L'expression "sans chichi" signifie que l'on se comporte de façon naturelle, sans cérémonie: recevoir des invités sans chichi. On peut aussi dire "sans flafla" et "à la bonne franquette". "Flafla" pourrait venir du redoublement du radical "fla", tiré du verbe "flatter". Quant au mot "franquette", il dérive de l'adjectif "franc", et l'expression "à la bonne franquette" signifie littéralement "franchement, sincèrement, tout bonnement" (CNRTL). Au contraire, si l'on cherche à épater ses convives, à en mettre plein la vue, on les recevra "en grand tralala", "tralala" étant une onomatopée attestée au XVIIIème siècle comme mot servant de refrain et remplaçant les paroles d'une chanson (CNRTL).

La formule "chichi-gratin" est équivalente aux adjectifs "snob" et "prétentieux" ou qualifie une personne "faisant volontiers étalage de relations, réelles ou imaginaires. L'expression s'appliquait au Tout-Paris salonnard et futile lorsque son inventeur, le danseur et chroniqueur mondain Jacques Chazot, la lança, au tout début des années 1980. « C'est tout chichi-gratin et compagnie, là-dedans ! » (C'est plein de snobinards.)"¹

Une personne qui fait des chichis est une personne chichiteuse. Dans le même registre, on trouve le terme "chochotte" que nous avons lui aussi analysé l'an dernier: http://olivierschopferracontelesmots.blog.24heures.ch/arc....


Le deuxième sens du mot "chichi" est une boucle frisée de cheveux postiches.

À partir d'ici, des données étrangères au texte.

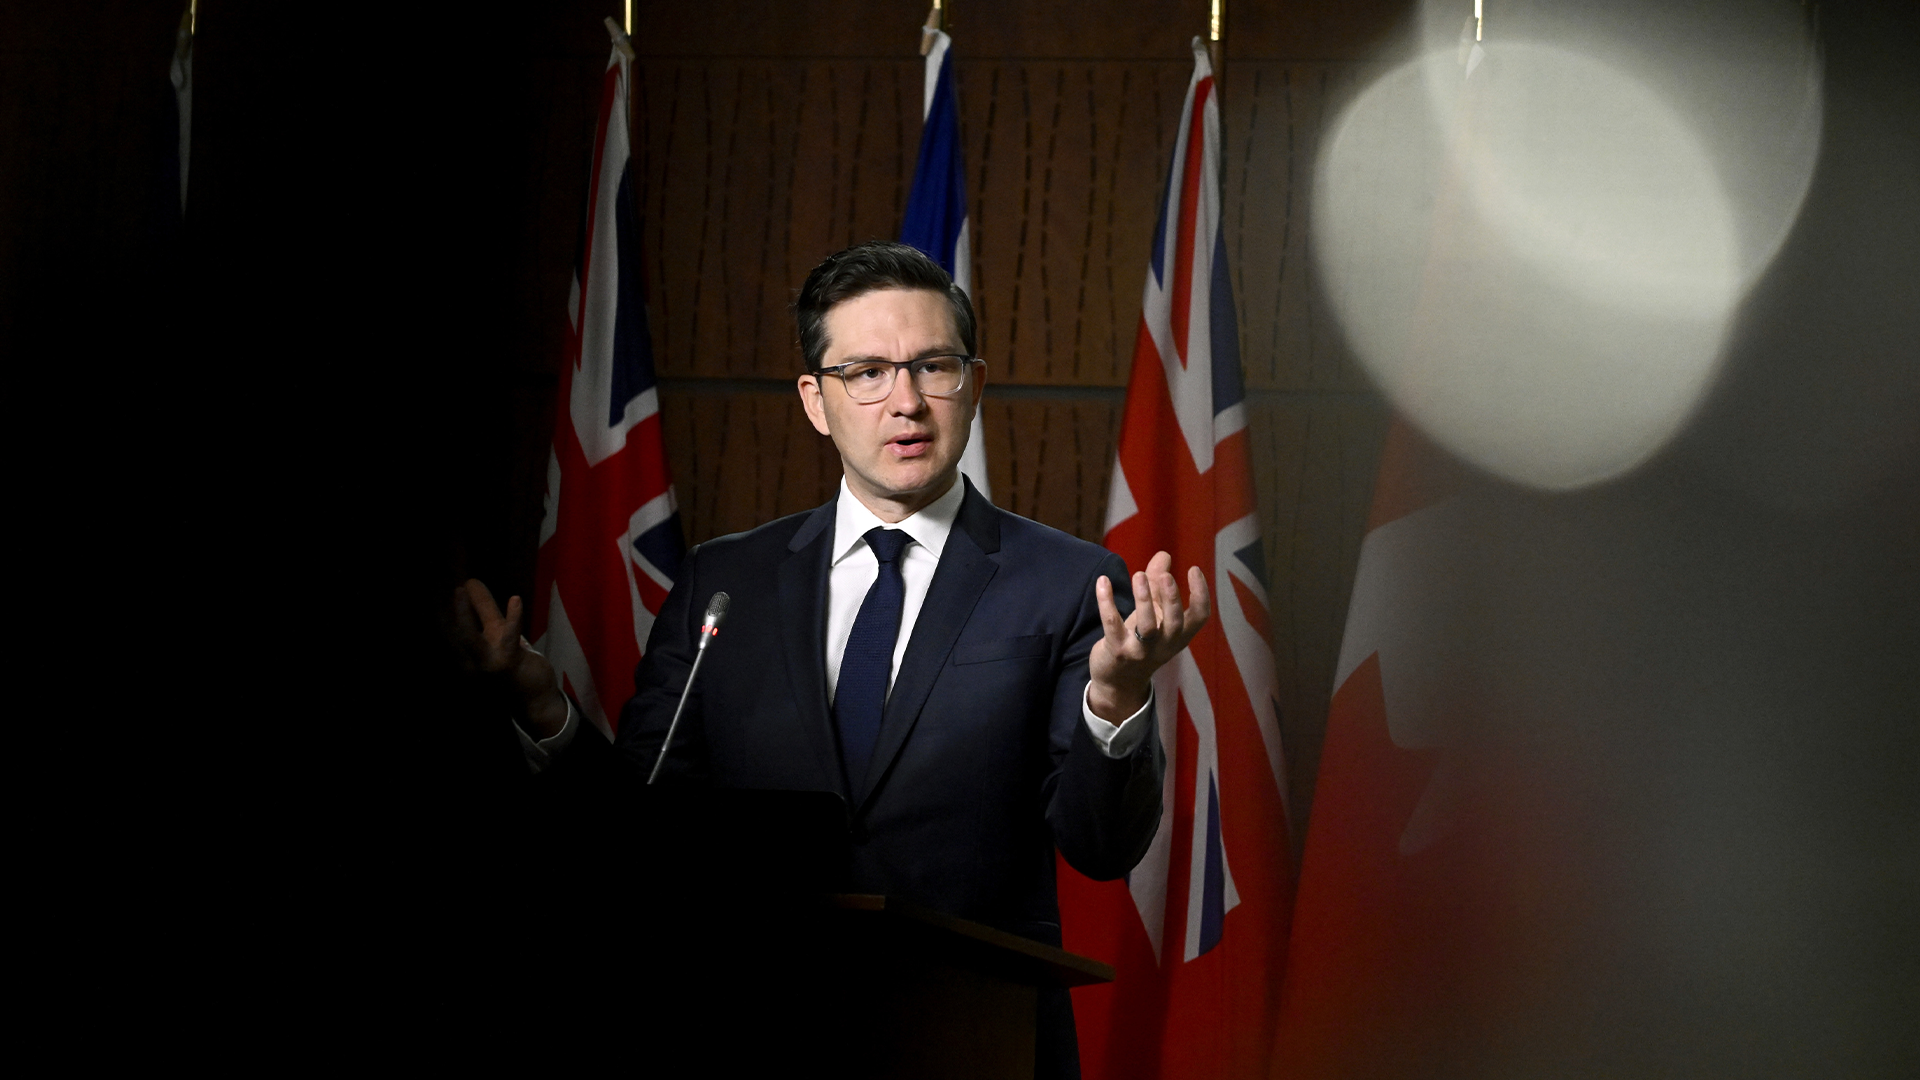 Le chef conservateur a évité mardi de commenter directement les propos de son député Richard Martel qui a été critiqué par plusieurs pour avoir qualifié de «réfugiés illégaux» une femme salvadorienne et son fils arrivés au Canada par le chemin Roxham.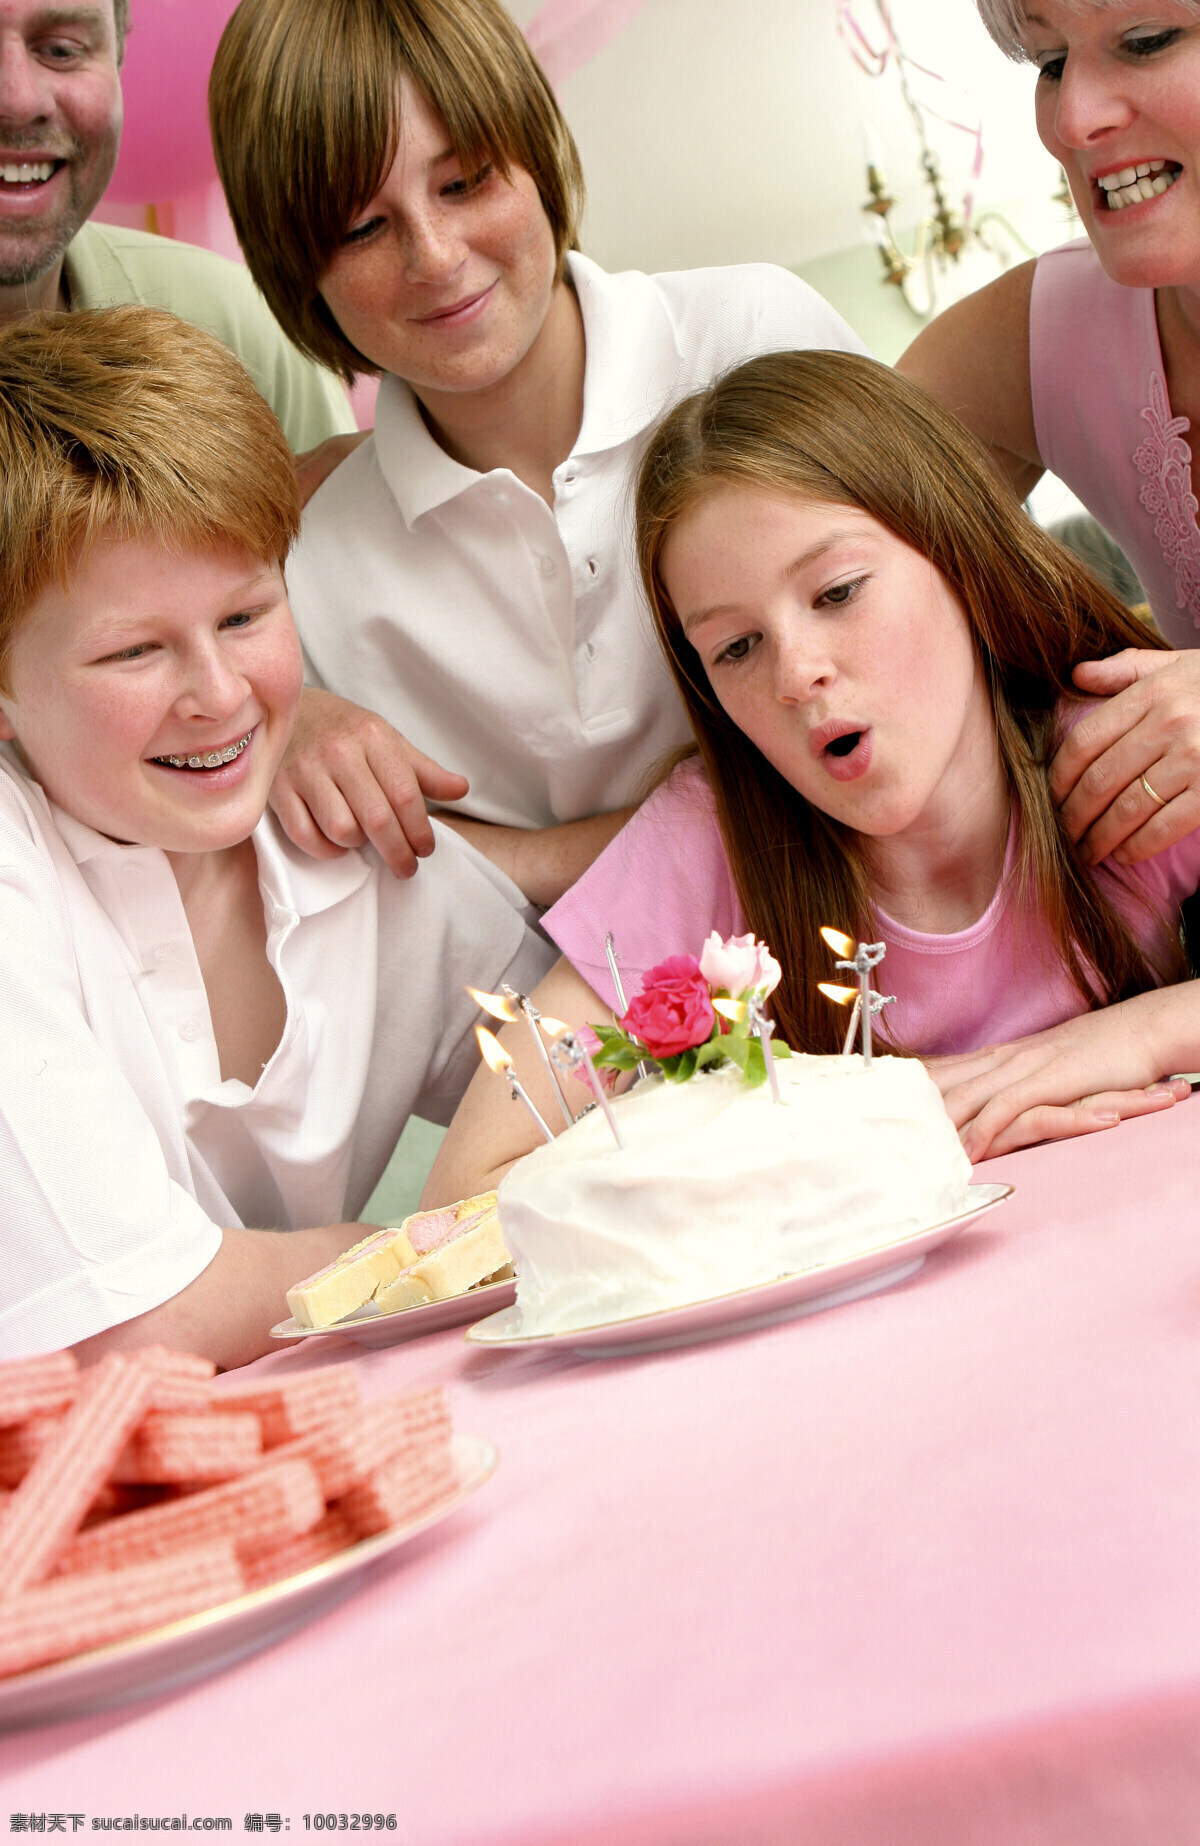 正在 生日 一家人 人物 家庭 美满 幸福 亲情 温馨 过生日 蛋糕 吹蜡烛 生日图片 生活百科

Le troisième sens, aujourd'hui désuet, est un terme de modistes et de couturières qui qualifiaient autrefois de "chichis" des fanfreluches, c'est-à-dire des petits bouts d'étoffe servant de parures à un chapeau ou à un vêtement.


Il existe un tout autre chichi qui, lui, se mange. Il s'agit d'un beignet cylindrique cannelé roulé dans le sucre, que l'on peut par exemple acheter dans les fêtes foraines. Il est proche du churro espagnol, avec lequel on le confond souvent. Le mot vient du provençal chichi-frégi, mot à mot "oiseau frit" (Petit Robert). Sur la côte méditerranéenne, on l'appelle sous ce nom-là. "Chichi [tchitchi]: mot dont les enfants se servent pour désigner les petits oiseaux, les insectes, les pous; variante: chichiou [tchitchiou]; étymologie: onomatopée du cri de plusieurs."²


On ne confondra pas "chichi" et "chichon" qui, dans le langage familier, décrit le haschich: boulette de chichon. Le mot pourrait tirer son origine de chicha, verlan de "haschich" (Petit Robert). "Le mot vit sa vie chez les consommateurs modérés depuis les années 1990 en compagnie de son petit frère « chicha » et s'entend assez couramment, dans ce même milieu, au début du XXIème siècle. Plus familier encore: « chichounet », qui donnerait presque à la résine de cannabis des douceurs de roudoudou. Plus exotique car arabe maghrébin d'origine: « zetla », dans le jargon des jeunes des cités."³

Enfin, on ne confondra pas non plus le verlan de "haschich" avec un autre mot d'origine arabe qui s'écrit et se prononce exactement de la même façon: la chicha, une pipe à eau composée de tabac et d'un mélange de mélasse et d'arômes de fruits, que l'on voit de plus en plus aux terrasses de nos cafés.


¹&³Pierre Merle, Nouveau dictionnaire de la langue verte, Éditions Denoël, 2007.

²Dictionnaire provençal-français ou dictionnaire de la langue d'oc, par S.-J.Honnorat, Digne, Imprimerie de Repos, 1846.